Let's consider a scenario where our attacker has gained unauthorized access to a user account on a computer system. He'll conduct local reconnaissance to see what the compromised user can do and what information he can access, whether he can write scripts or compile programs from this account, and more. If he's able to download and execute software on the compromised computer, he may run exploit software. He'll poke around until he finds a vulnerability or configuration error that he can exploit to become an administrator on the targeted computer, or he'll abandon this system and move on to another computer.

An attacker can also bypass access to protected or sensitive information through remote paths. For example, by carefully crafting queries that take advantage of a vulnerability in a web application deployed at a targeted site, an attacker can insert instructions directly to the site's database application that allow him to access ostensibly protected records or dump the entire contents of a database (see SQL injection). Attackers have an abundance of exploits to try but attackers often simply take advantage of the web application lacking any validation of the type of data that a user submits: in such situations, the web application passes anything the attacker enters into a web submission form to the database and the database executes what it receives, with often disastrous consequences including full database disclosure, data alteration or corruption.

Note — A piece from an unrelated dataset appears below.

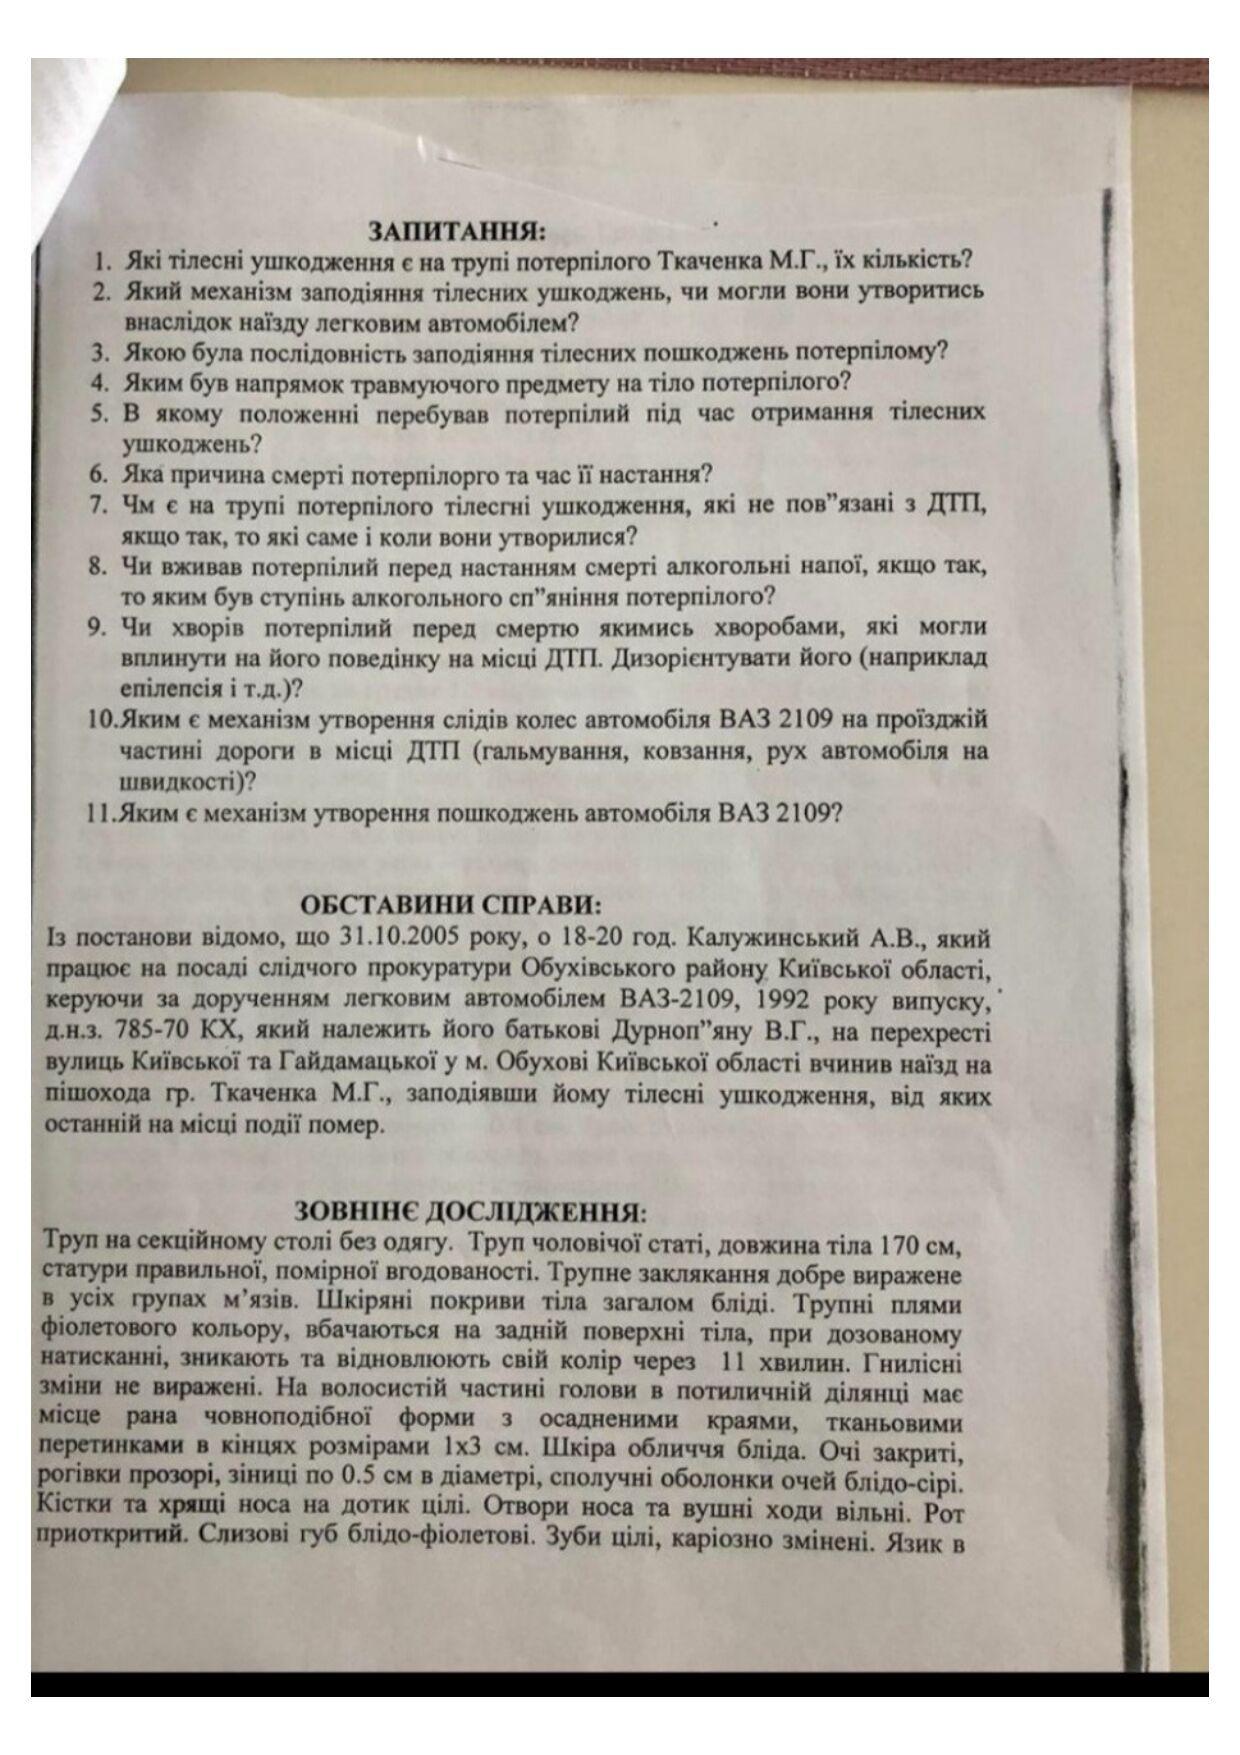 Детектива НАБУ разоблачили в манипуляции с экспертизой

Beef Up Authentication and Validate All Data!

Three simple remedies to reduce privilege escalation attacks are (1) have your users or customers use the strongest authentication method possible, and use them intelligently (e.g., long, strong, complex passwords), (2) scan your web applications for known vulnerabilities to minimize exploit attacks, and (3) validate data in every submission form your web site uses. Apply these and you'll reduce your organization's exposure to privilege escalation attacks.